Com essas idéias, HANS WELZEL destruiu a teoria psicológico-normativa, passando, então, a culpabilidade a ser concebida como um puro juízo de valor de caráter normativo; daí o nome da teoria normativa pura ou teoria da culpabilidade, que é o finalismo que esclarece este conceito.
Culpável, portanto, é o fato praticado por um sujeito imputável que tinha, pelo menos, a possibilidade de saber que seu comportamento era proibido pelo ordenamento jurídico, e que, nas circunstâncias em que agiu, poderia ter agido de modo diferente, conforme o direito. Se o fato for culpável, ter-se-á aperfeiçoado o crime, e deverá ser, de conseqüência, uma pena.
Assim evoluiu o conceito de culpabilidade ao longo dos anos. Até hoje, ainda aparecem discussões novas a respeito do conceito, que, todavia, não cabem no âmbito deste manual.

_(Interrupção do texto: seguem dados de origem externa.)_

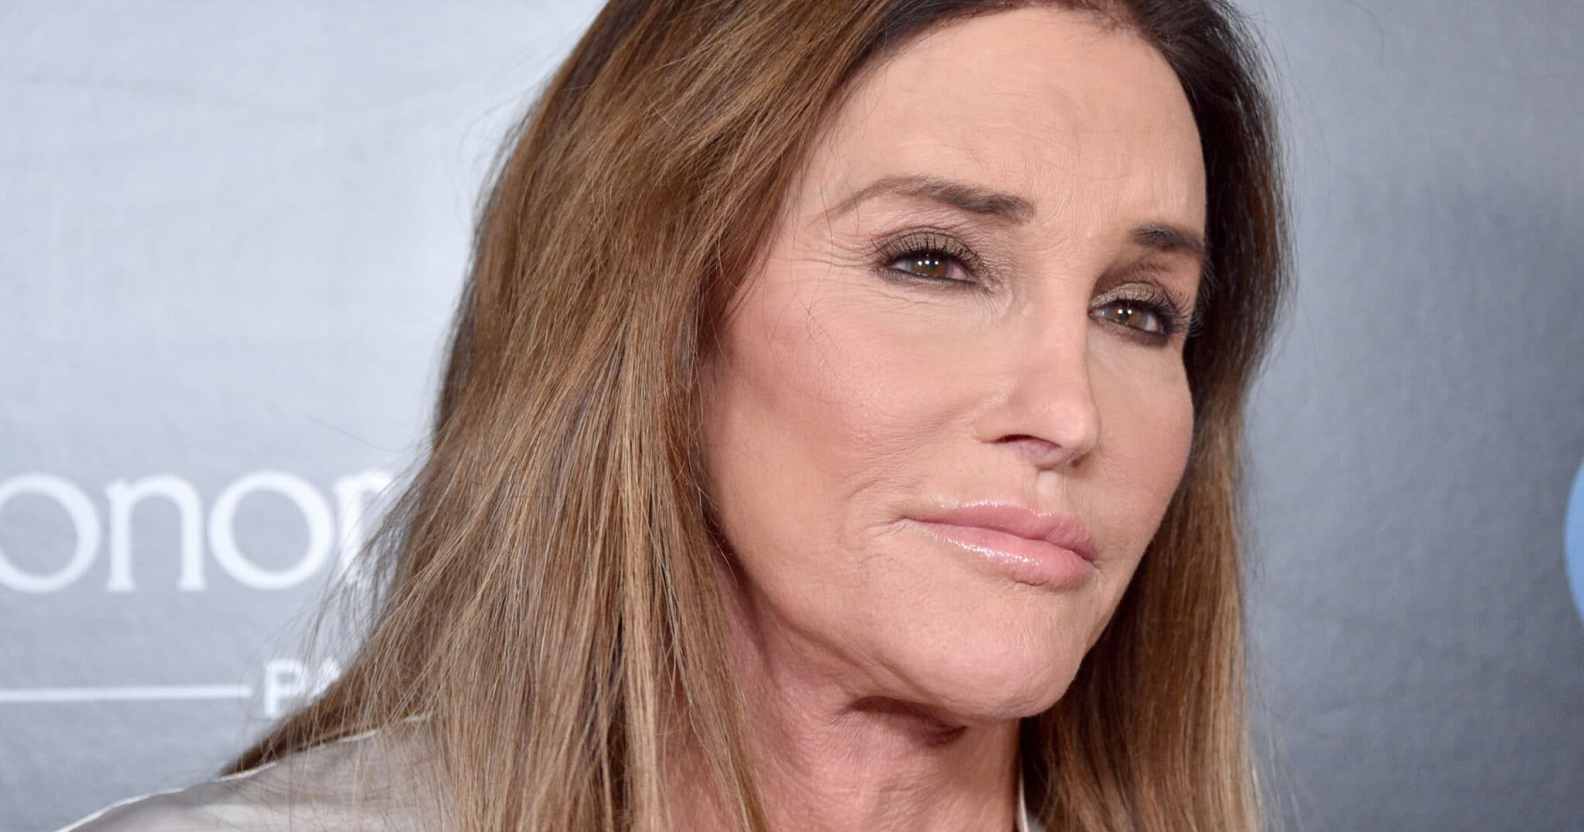 Caitlyn Jenner at the 60th Anniversary party for the Monte-Carlo TV Festival in 202
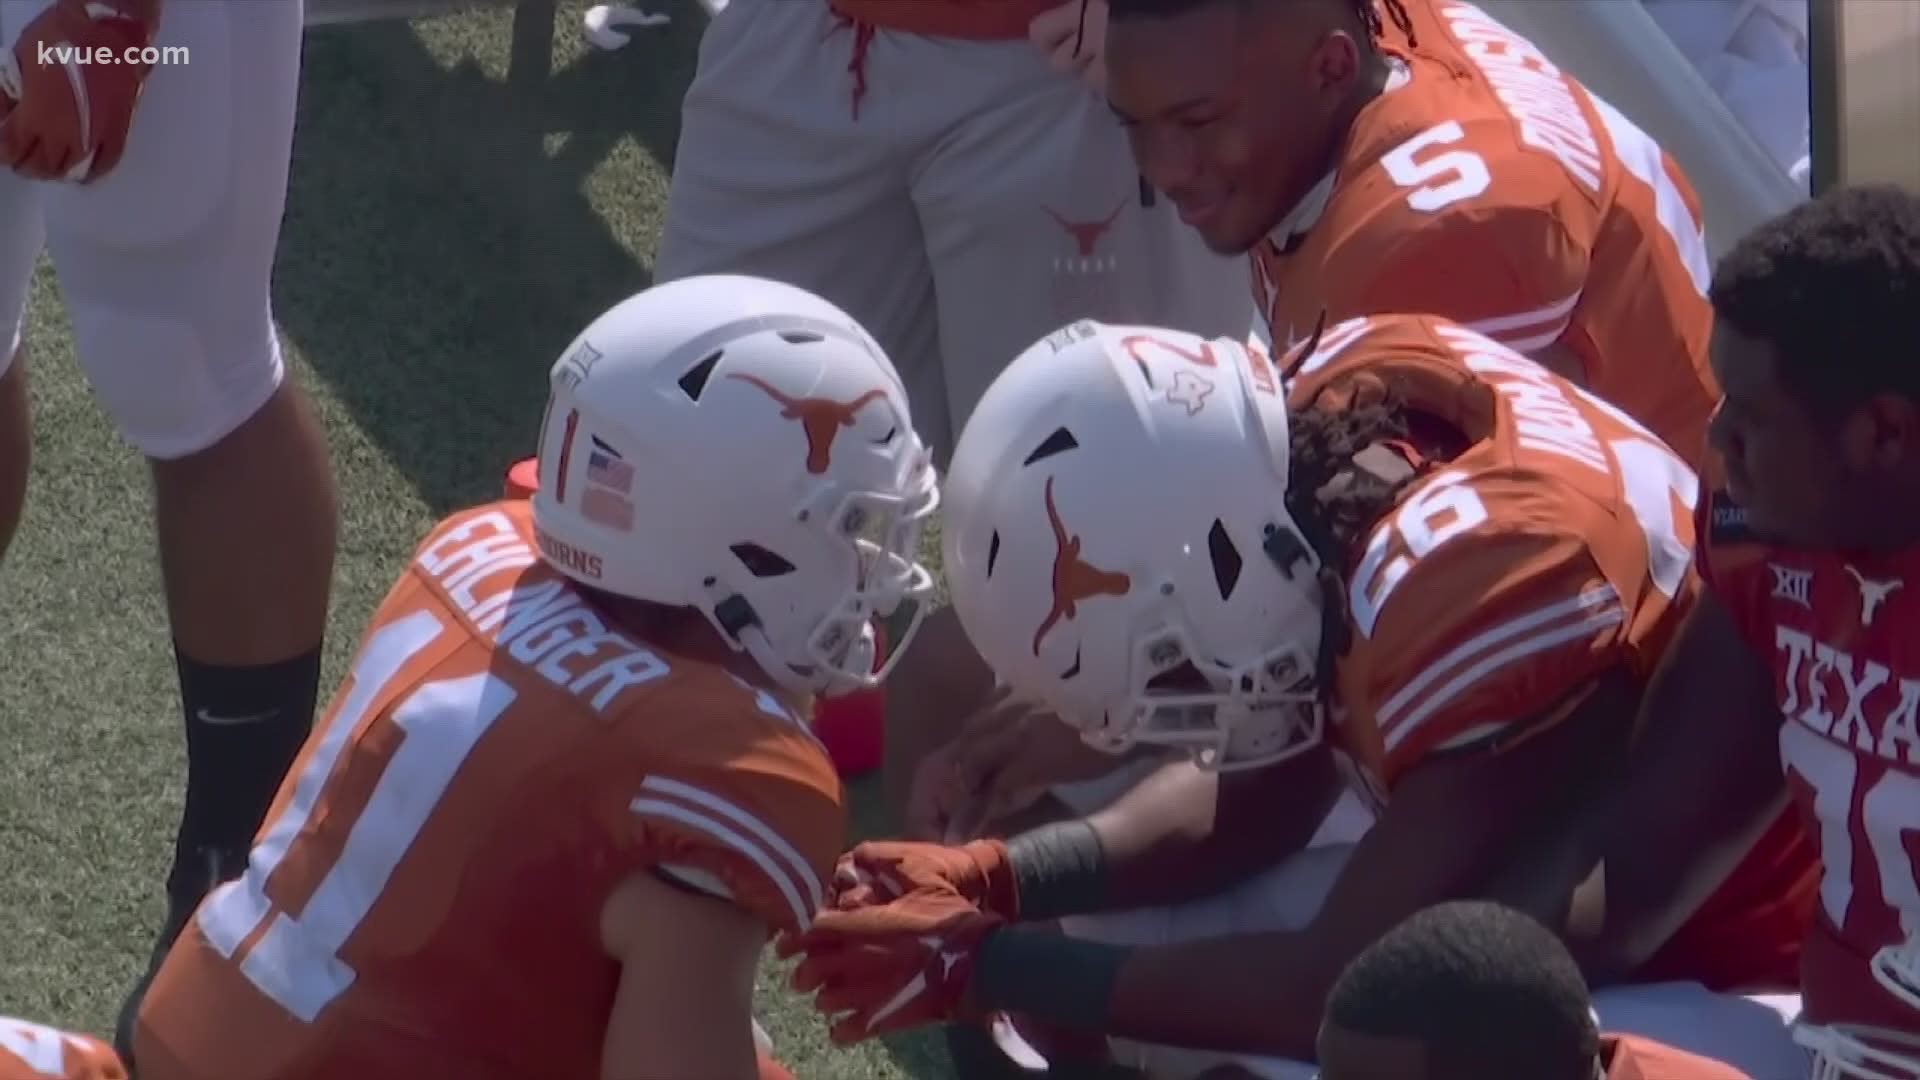 Two of the toughest plays for UT fans to watch this season were Keaontay Ingram fumbles. Ingram has since refocused and spoke about his struggles.

Necessária, agora, para a compreensão, em profundidade, da culpabilidade, a análise, separada e detalhadamente, de seu pressuposto – a imputabilidade – e de seus elementos – a potencial consciência da ilicitude e a exigibilidade de conduta diversa.
O homem é um ser inteligente e livre; por isso, é responsável pelo que faz. Inteligente, sabe o que é o bem e o que é o mal, sabe distinguir o certo do errado, o lícito do ilícito, o que deve e o que não deve fazer.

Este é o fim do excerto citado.